# Couples home torn down in Spain



## Stravinsky (Aug 12, 2007)

Despite seemingly doing everything correctly and living there for 6 years, this couple had their home torn down

How can this be allowed to happen, and will it deter people from investing their life savings in the Spanish property market which is already becoming depressed?
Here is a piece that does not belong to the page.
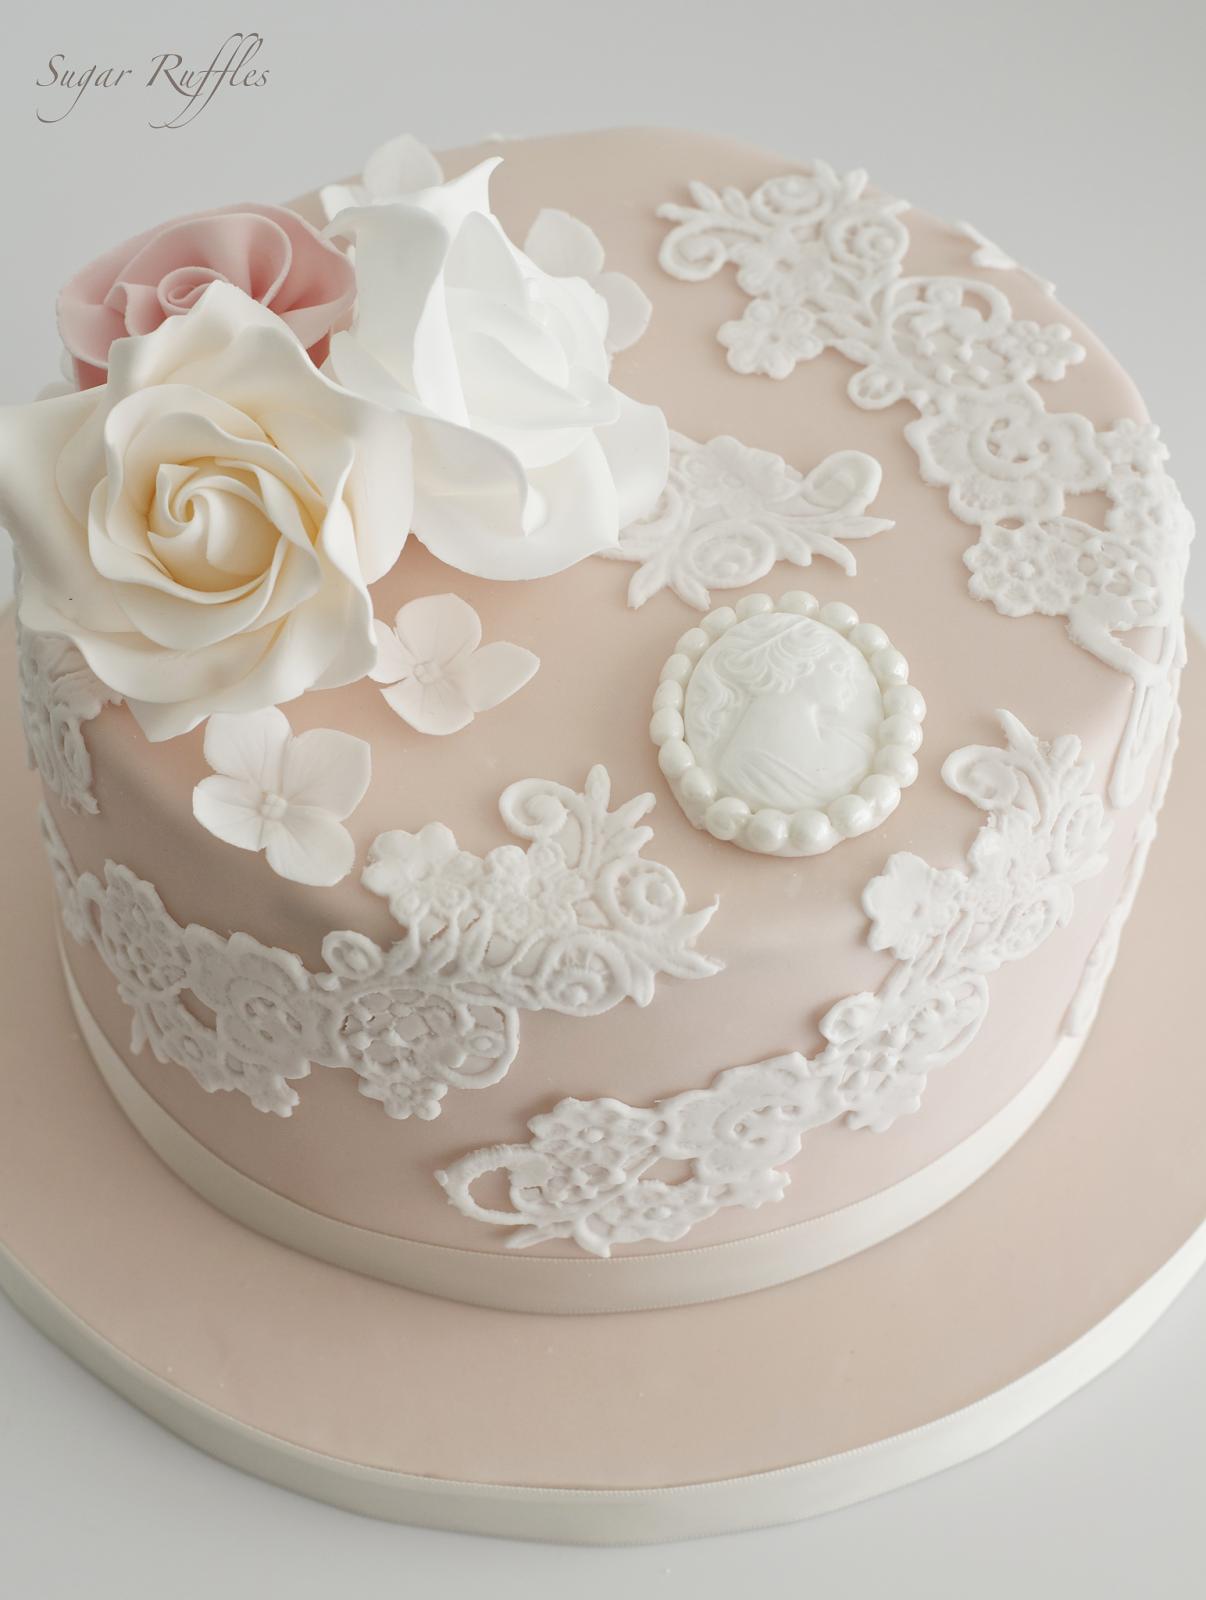 Cake Design Vintage : Sugar Ruffles, Elegant Wedding Cakes. Barrow in Furness ...

Devastated British pensioner collapses as bulldozers demolish dream retirement home in Spain | the Daily Mail


----------



## Wils & Nance (Dec 31, 2007)

OH GOD, how awful !
That is such a terrible shame ! It is one of the areas we were thinking of buying too !
Is there some sort of list, some book in the town hall, some sort of assurance that what you buy is all legit ?
If not, why not ?

I realise that these things happen due to unscrupulous people, backhanders, etc !
It happens here to, a friend of ours just had a house fire in Inverness, due to a boiler, fortunately not too serious, but it got much more serious when the tried to get it repaired.
A new boiler could not be fitted, the pipework for the gas was illegal, not due to it being an old property because it is not, it's only 12 years old.
But whoever built it, put all the gas pipes under the foundations and they were too narrow to be legal. Plus they should be accessible which they are not.
You just can't count on anyone not to cut corners !


----------



## Stravinsky (Aug 12, 2007)

The problems are that there have been decades of illegal building. This house was actually legal as far as the Town Hall was concerned, so they thought they were safe. However the junta of Andalucia decided it wasn't.

When we moved here we made a conscious decision to buy on an Urb. We chose very carefully the urb that we bought on. I didn't want a Brit enclave, nor did I want to live in a box.

But by doing this and ensuring the area is legal you can be more protected, especially when it is established.

You need a very very good solicitor, and if there is anything that seems untoward in the sale process that cannot be explained satisfactorarily then walk away. Good idea is when you have made your choice go to the town hall with an interpreter and have the plot / building thoroughly checked over


----------